Three years of live trading

RobinVOL was released in July/2012. Now it is a good moment to look back to see what has happened and how RobinVOL has performed.

Backtest without compounding effect

A backtest without compounding effect allows a much easier performance analysis, as recent trading activity hides any problematic periods in the past. To remove the compounding effect the “Balance” axis is configured with a logarithmic scale:

The first thing to notice is that the drawdown period experienced in 2014 is something that had already happened in the past (as already stated in the statistical analysis). The second important thing is that since its public release in 2012 it has been behaving as expected.

Backtest with compounding effect

On a backtest with compounding effect, recent trades have a much bigger effect on the shape of the curve as the lot size on recent trades is bigger (as long as it is a winning backtest). This is the reason why in any compounding backtest, recent activity usually seems to be more volatile.

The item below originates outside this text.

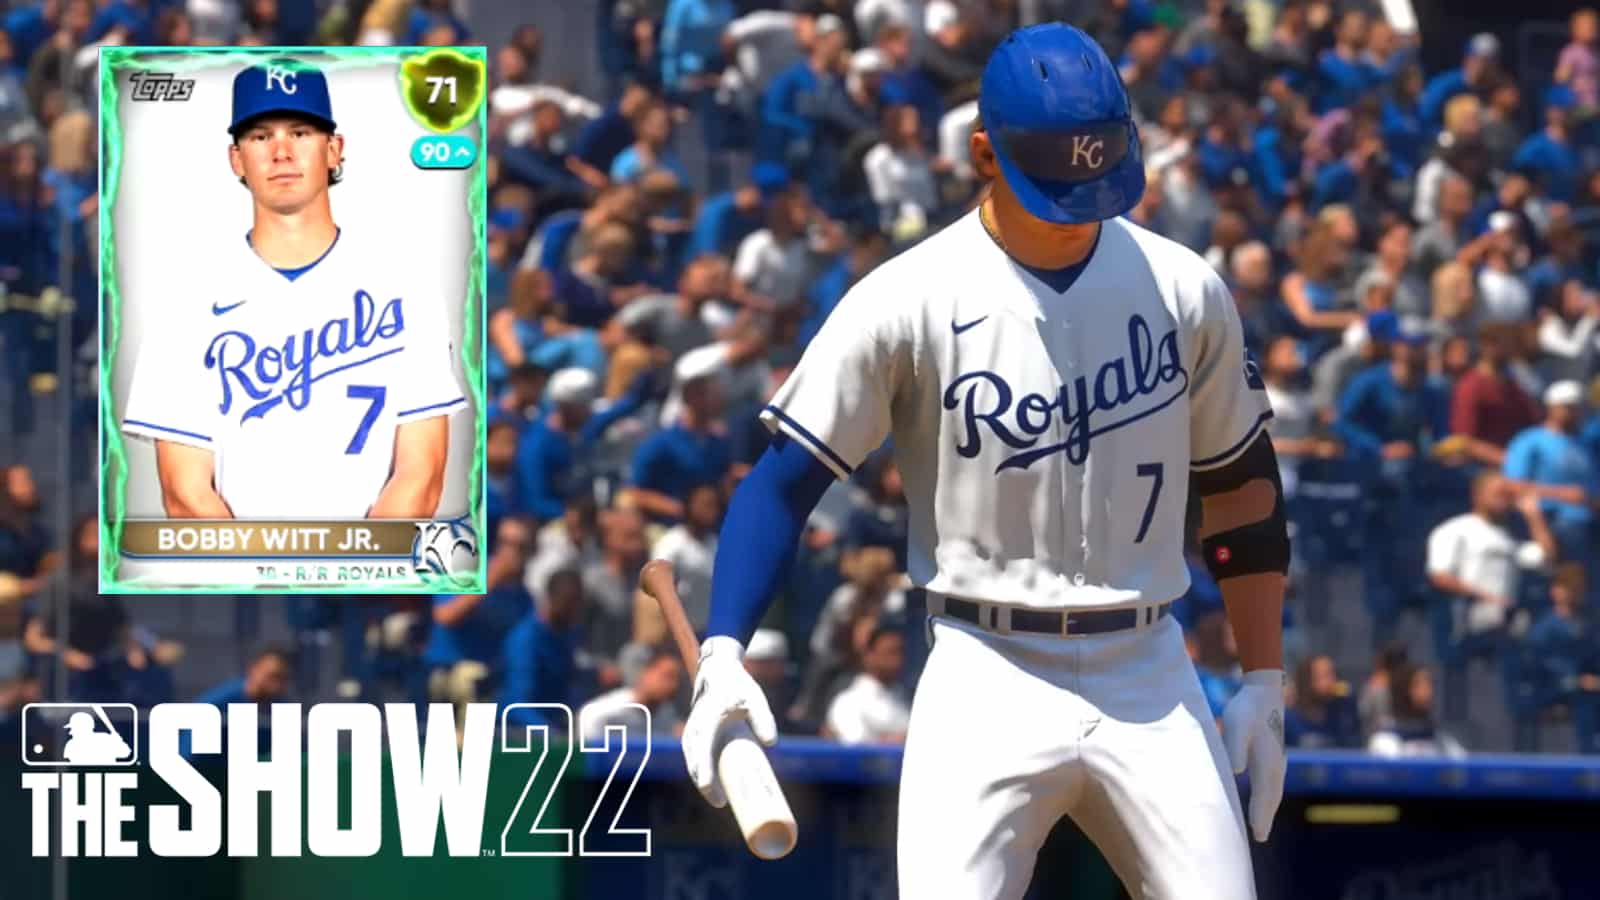 mlb the show 22 white jersey

In this image we can see the period used to research default settings. Only data up to 2009 was used for this. Since then, there has been 5 years of out of sample and live trading with very good results. It is interesting to see that the drawdown period in 2014, on a backtest with compounding effect seems to be much more important than the one that happened in 2007, but the truth is that both periods are very similar as you can see on the previous image.

What can we expect in the future?

RobinVOL behavior has been very good on unseen data, mixing very good winning periods with periods of plain or light drawdown that lasts for some months in the worst case. Obviously nothing guarantees that the future will be the same, but considering that RobinVOL survived to many different market conditions and is currently at new equity highs, nothing points to a change in behavior in the near future.